Максимильена уложила свои прекрасные темные волосы и надела платье из розового муслина – на крестьянку она теперь совершенно не походила. Пьер Михайлов наклонился и поцеловал протянутую ему руку.

– Надеюсь, господин барон, что вы ни в чем не нуждаетесь, – сказала Максимильена, – и что мое приглашение на ужин вы не считаете чрезмерным легкомыслием.

– Я сошел вниз, мадам, чтобы увидеть вас и поговорить с вами. Мне необходимо уведомить царя о своем злосчастном ушибе. Вас очень затруднит, если царь и его свита остановятся здесь?

– Для меня большая честь оказать гостеприимство его величеству…

– О, не надо таких почтительных слов… Этот мерзавец их не заслуживает!

– Господин барон, не знаю, как принято говорить о нем при московском дворе, но сама я испытываю величайшее уважение к царю, и если он соблаговолит остановиться в моем доме, это будет счастьем для меня.

Пьер Михайлов с улыбкой посмотрел на Максимильену.

– Знатная дама ни в чем не уступает маленькой крестьянке! Однако пора за стол!

Поистине этот человек обладал множеством странных черт! Порой казалось, что он не знает самые элементарные правила приличия. Ни один французский дворянин не посмел бы в гостях сказать: «Пора за стол!» – особенно в присутствии хозяйки дома.

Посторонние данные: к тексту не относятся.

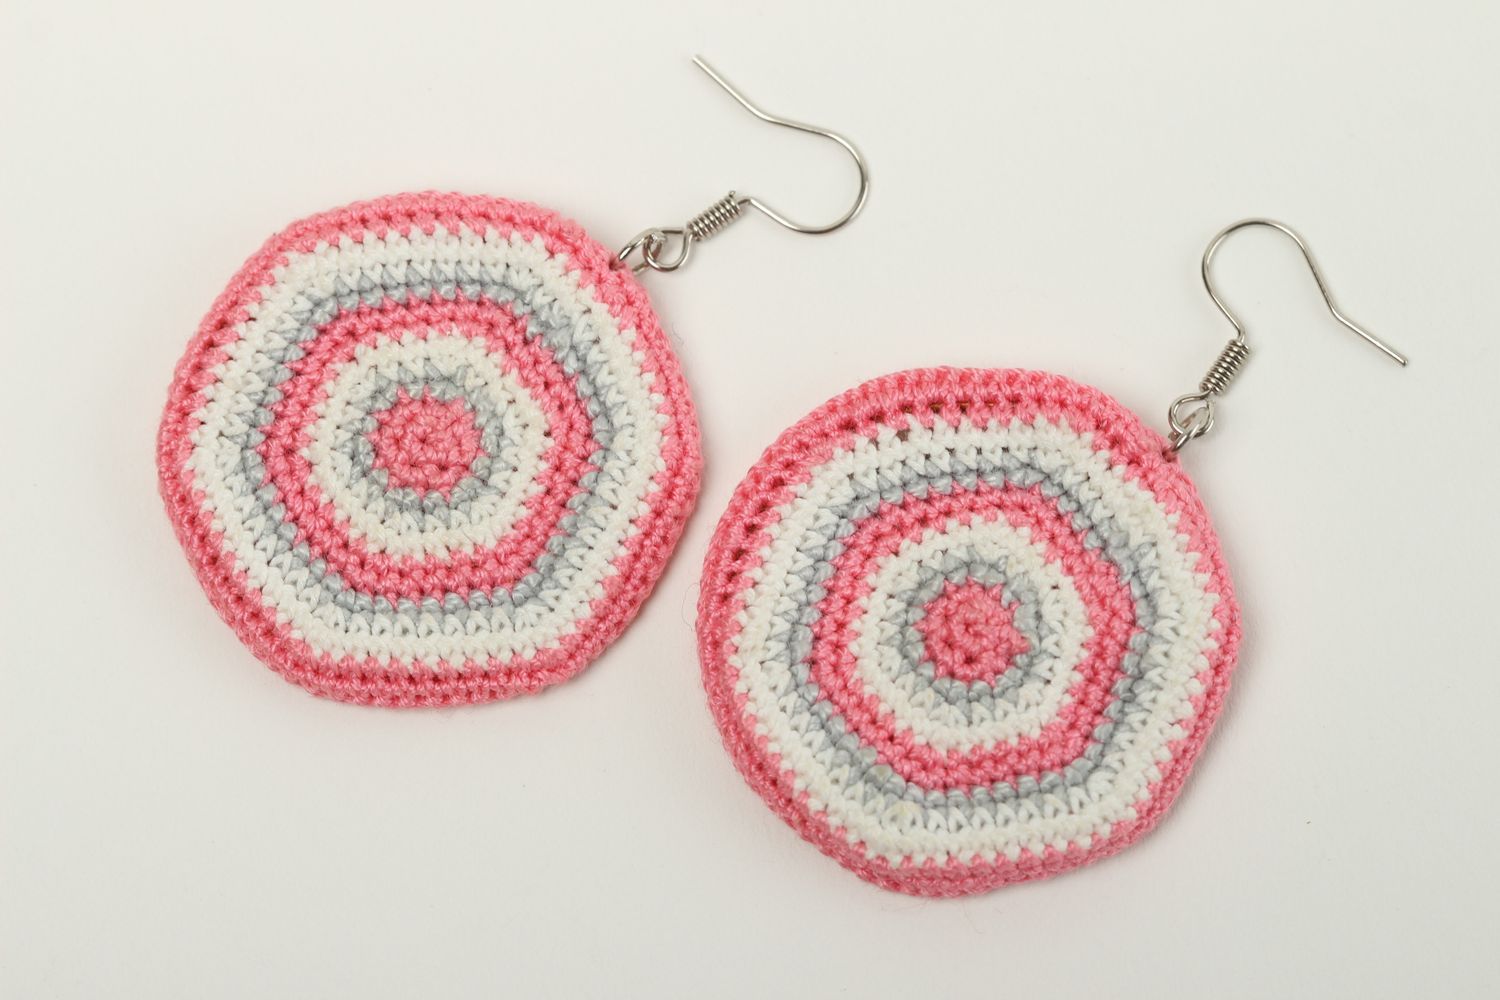 Handmade earrings unusual accessory gift ideas crocheted earrings gift for her photo 2

«Это потому, что он русский», – подумала Максимильена, усаживаясь на свое место и знаком приглашая барона сесть напротив.

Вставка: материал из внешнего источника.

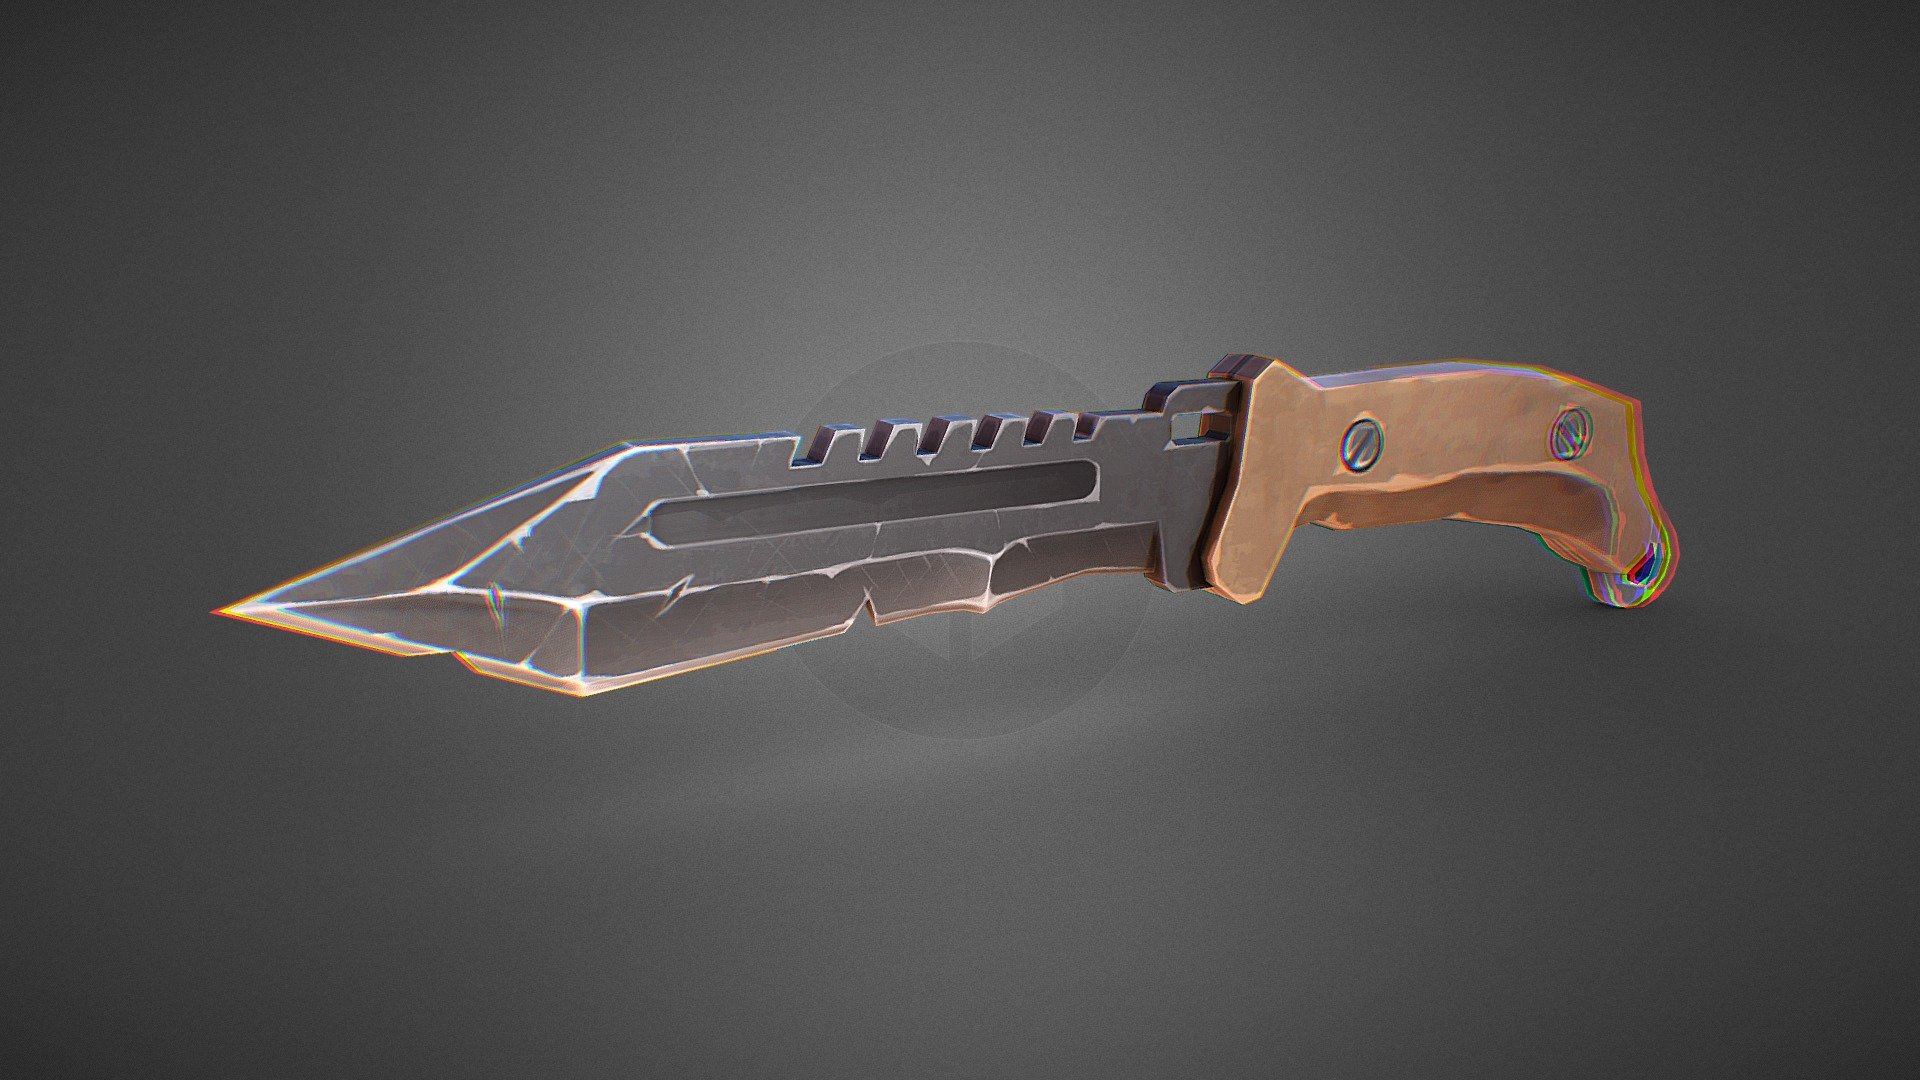 Stylized low-poly knife - 3D model by Vladimir Polygalov (@jpegy ...

– Что вы делаете одна в этом замке? – осведомился московский великан.

– Ах, господин барон, – промолвила Максимильена со вздохом, – я живу одна по собственной воле. Граф, мой супруг, находится при регенте. Монсеньора я не осуждаю… Он был всегда так добр ко мне и к нашей семье. Не осуждаю и мужа, ведь он не может жить иначе. Он любит балы, празднества, всю эту нескончаемую суету. Мне следует вернуться ко двору, но я не могу решиться, поскольку все это меня очень утомляет.

– Странствуя, я встречал множество жеманниц и кокеток, – сказал барон. – Но вы – истинная женщина. Именно таких я люблю.

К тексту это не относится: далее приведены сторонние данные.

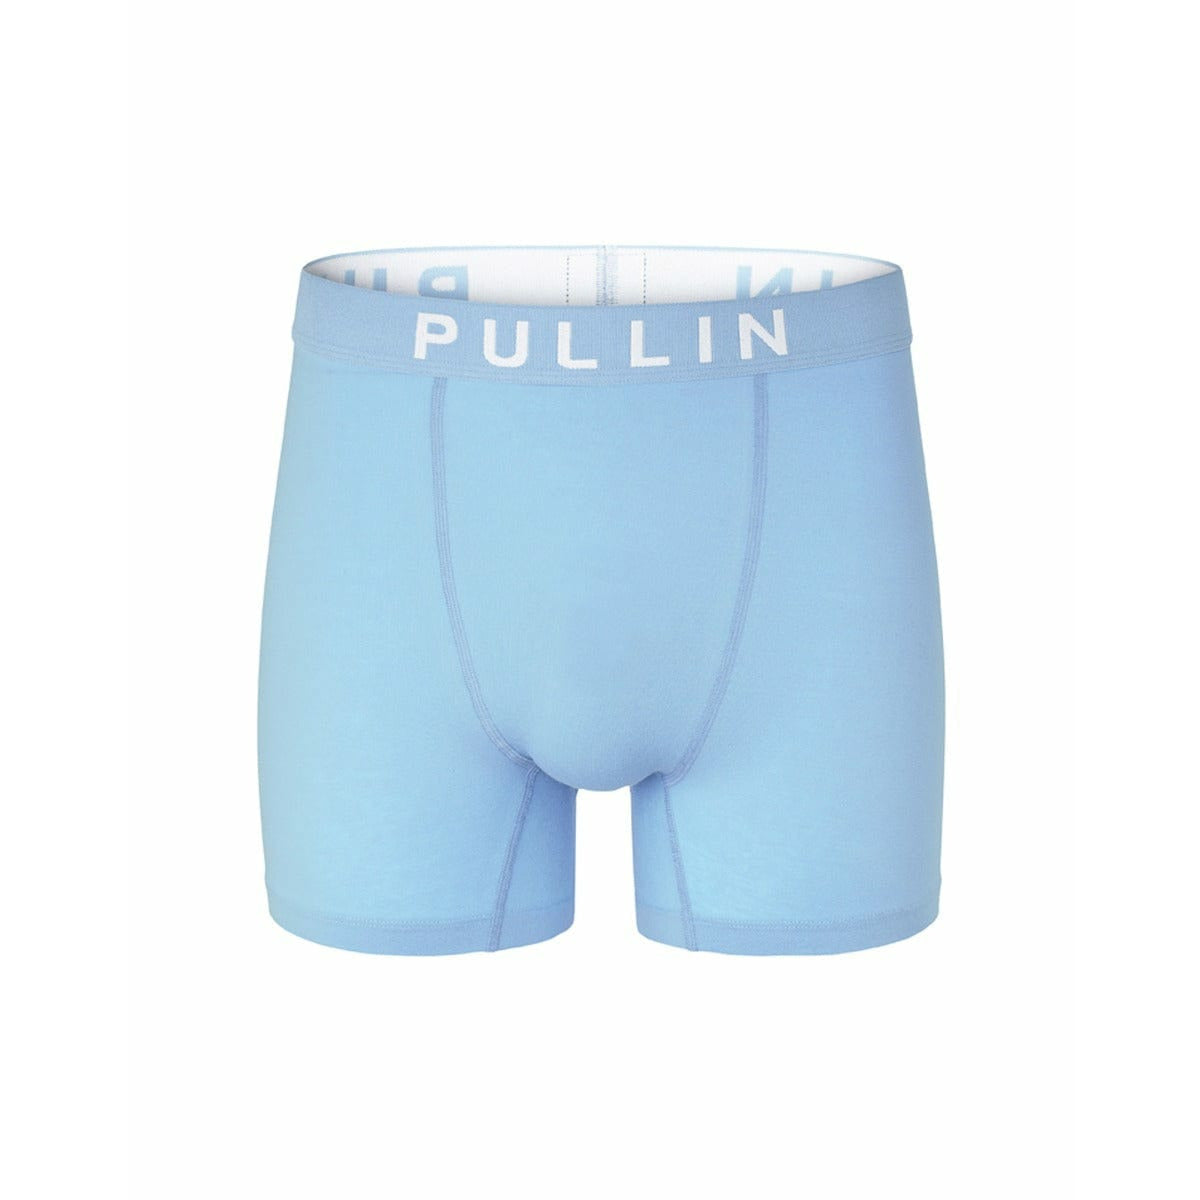 Pullin Fashion 2 Sky21 Boxer Brief - Underground Clothing

Максимильена зарделась, как школьница.

– И вы умеете краснеть, мадам! Благодарю небо за то, что чуть не сломал ногу, ибо это позволило мне встретить вас.

Смущенная Максимильена поспешила сменить тему.

– На кого похож царь?

– Поверьте, мадам, – ответил Михайлов, смеясь, – если бы он походил на вас, я бы его обожал. Но он отвратителен. Какого же цвета у вас глаза, мадам? Фиолетовые? Сиреневые? Ничего прекраснее я не видел.

Максимильена совсем смутилась.

– Сударь, вы ничего не едите! Неужели вам не нравится ужин?

– Мадам, в России все знают, что я ем и пью не меньше, чем царь. Однако сегодня мне хочется только смотреть на вас.

– Вы увидите множество красивых женщин. В Пале-Ройяле они встречаются на каждом шагу.

– Держу пари, что это не так. Хотите, поставлю в заклад царскую корону?

– А если вы проиграете, сударь? – в изумлении спросила Максимильена.

– Тогда, – промолвил барон, – я прикончу царя и сложу его корону к вашим ногам!

Максимильена звонко рассмеялась.

– Мадам, я в первый раз вижу, как вы смеетесь.

– Я должна вас поблагодарить, потому что этого давно со мной не случалось… Что такое, Элиза? – обратилась Максимильена к вошедшей в залу старухе-кормилице.

– Госпожа графиня, – ответила та, – господин Адриан ведет себя так же дурно, как и вы, когда были маленькой. Он не желает засыпать и требует вас к себе.

– Иду, Элиза, – сказала Максимильена. – Прошу прощения, сударь.

– Если вы позволите, мадам, я буду счастлив познакомиться с сыном самой красивой женщины, которую мне когда-либо доводилось встречать…

На лице Элизы появилась улыбка удивления и одновременно снисхождения…

Когда стемнело, Максимильена и Пьер вышли в парк, направляясь к беседке.

– Ваш сын похож на вас, – сказал Михайлов.

– Госпожа графиня! – раздался голос Грегуара. – Госпожа графиня! У ворот замка стоят цыгане, просят разрешения заночевать в старом амбаре! У одной их повозки сломалась ось… и они принесли больного с раздутым лицом!

– Скажи им, – ответила Максимильена, – чтобы проходили. Я сейчас приду посмотреть на этого человека.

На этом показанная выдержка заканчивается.